ARTICLE XVII. RULES AND REGULATIONS
Tenant agrees to observe faithfully and comply strictly with the Rules and
Regulations, attached as EXHIBIT E, and any reasonable and nondiscriminatory
amendments, modifications and/or additions as may be adopted and published by
written notice to tenants by Landlord for the safety, care, security, good
order, or cleanliness of the Premises, Building, Project and Common Areas.
Landlord shall not be liable to Tenant for any violation of the Rules and
Regulations or the breach of any covenant or condition in any lease by any other
tenant or such tenant's agents, employees, contractors, guests or invitees. One
or more waivers by Landlord of any breach of the Rules and Regulations by Tenant
or by any other tenant(s) shall not be a waiver of any subsequent breach of that
rule or any other. Tenant's failure to keep and observe the Rules and
Regulations shall constitute a default under this Lease.
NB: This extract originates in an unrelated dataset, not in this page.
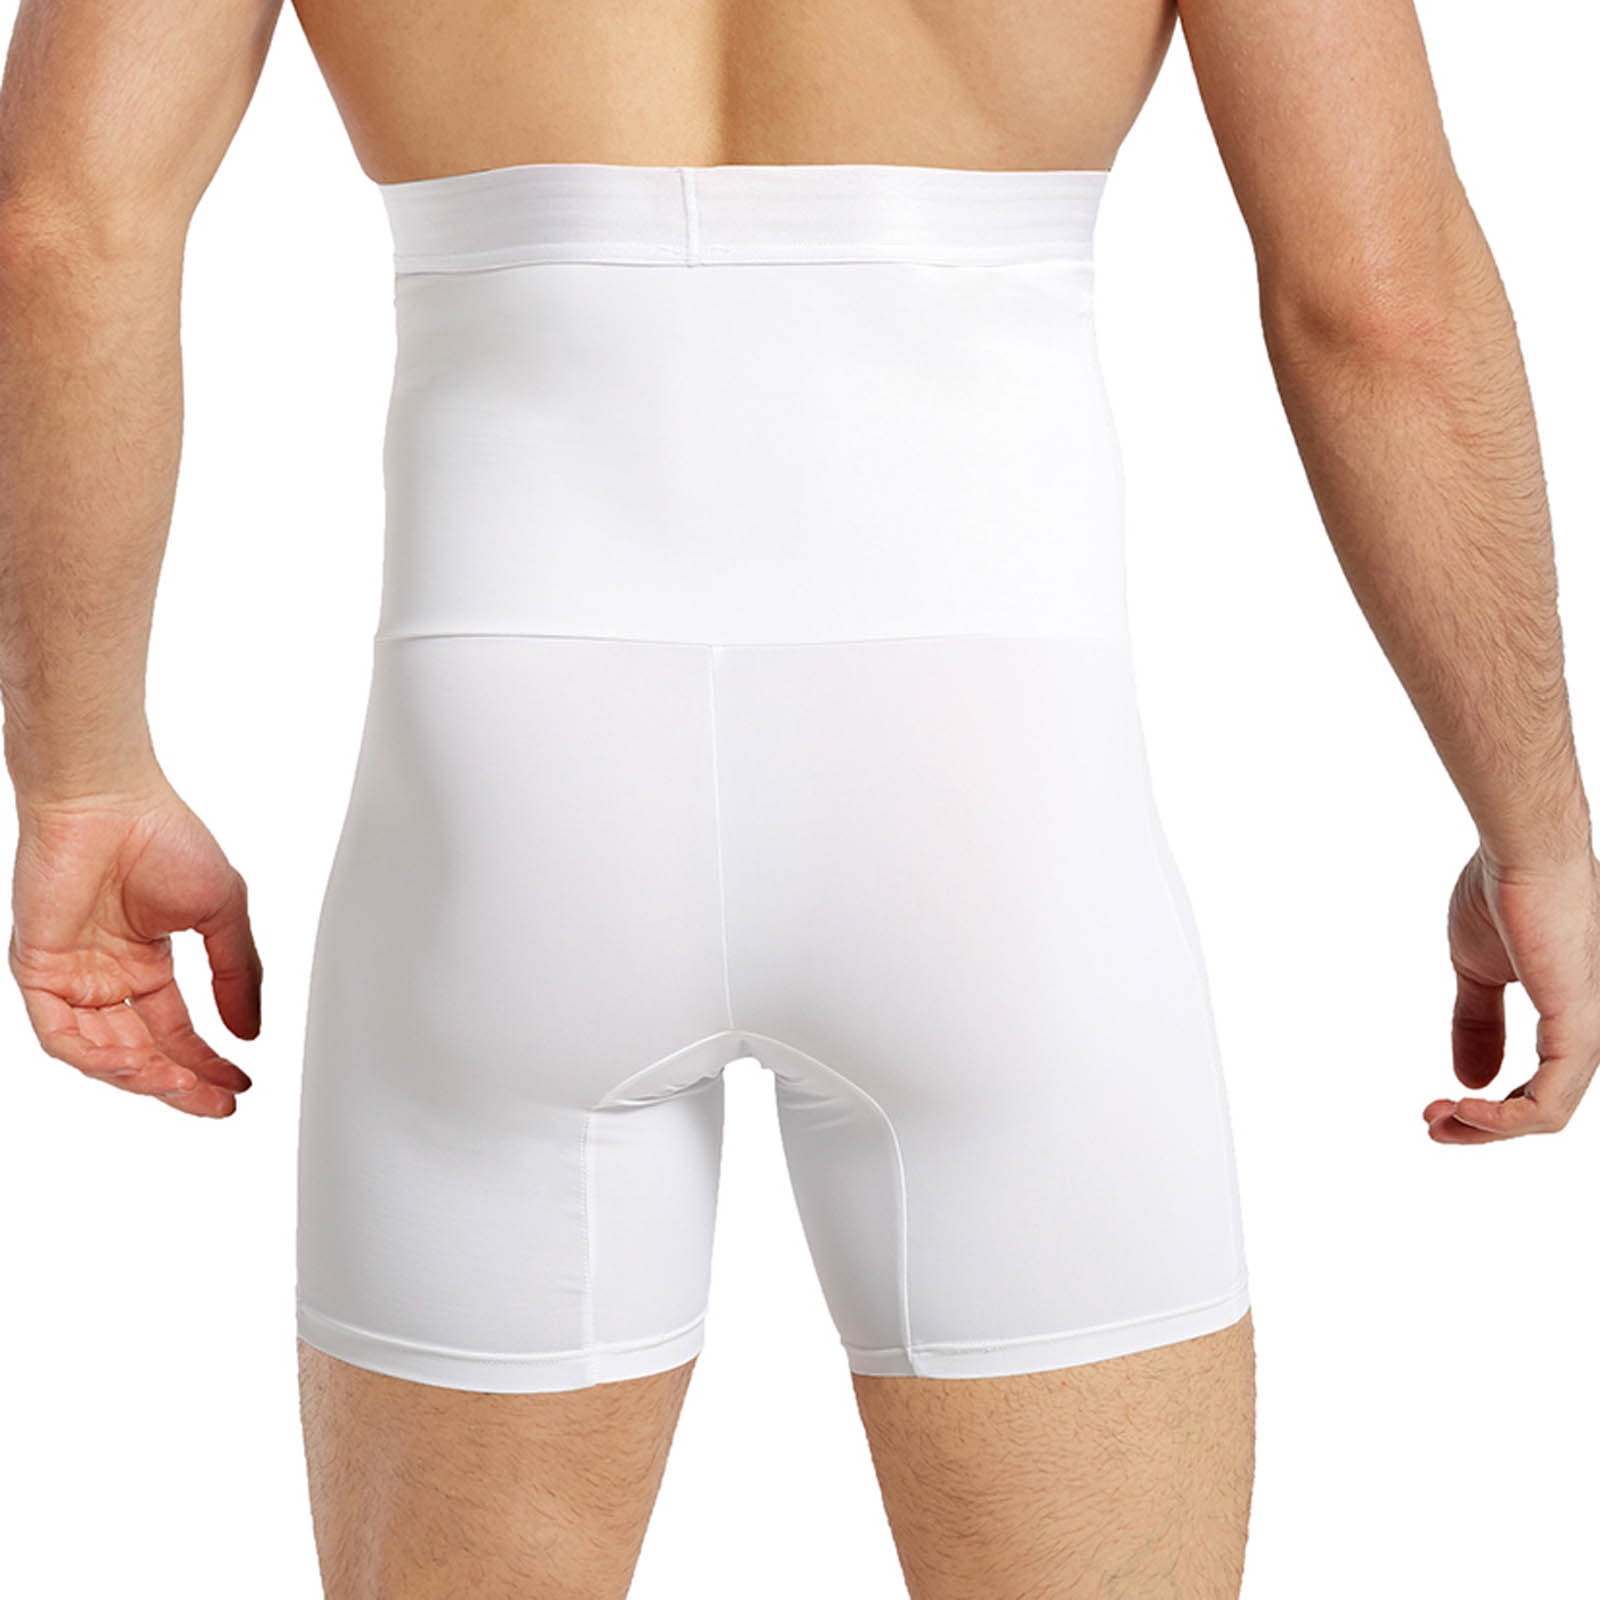 Meitianfacai Men's Underwear Men High-waisted Abdomen Pants Shaping ...

In the case of any
conflict between the Rules and Regulations and this Lease, this Lease shall be
controlling.
ARTICLE XVIII. BROKER'S COMMISSION
The parties recognize as the broker(s) who negotiated this Lease the
firm(s), if any, whose name(s) is (are) stated in Item 10 of the Basic Lease
Provisions, and agree that Landlord shall be responsible for the payment of
brokerage commissions to those broker(s) unless otherwise provided in this
Lease. Tenant warrants that it has had no dealings with any other real estate
broker or agent in connection with the negotiation of this Lease, and Tenant
agrees to indemnify and hold Landlord harmless from any cost, expense or
liability (including reasonable attorneys' fees) for any compensation,
commissions or charges claimed by any other real estate broker or agent employed
or claiming to represent or to have been employed by Tenant in connection with
the negotiation of this Lease. The foregoing agreement shall survive the
termination of this Lease. If Tenant fails to take possession of the Premises or
if this Lease otherwise terminates prior to the Expiration Date as the result of
failure of performance by Tenant, Landlord shall be entitled to recover from
Tenant the unamortized portion of any brokerage commission funded by Landlord in
addition to any other damages to which Landlord may be entitled.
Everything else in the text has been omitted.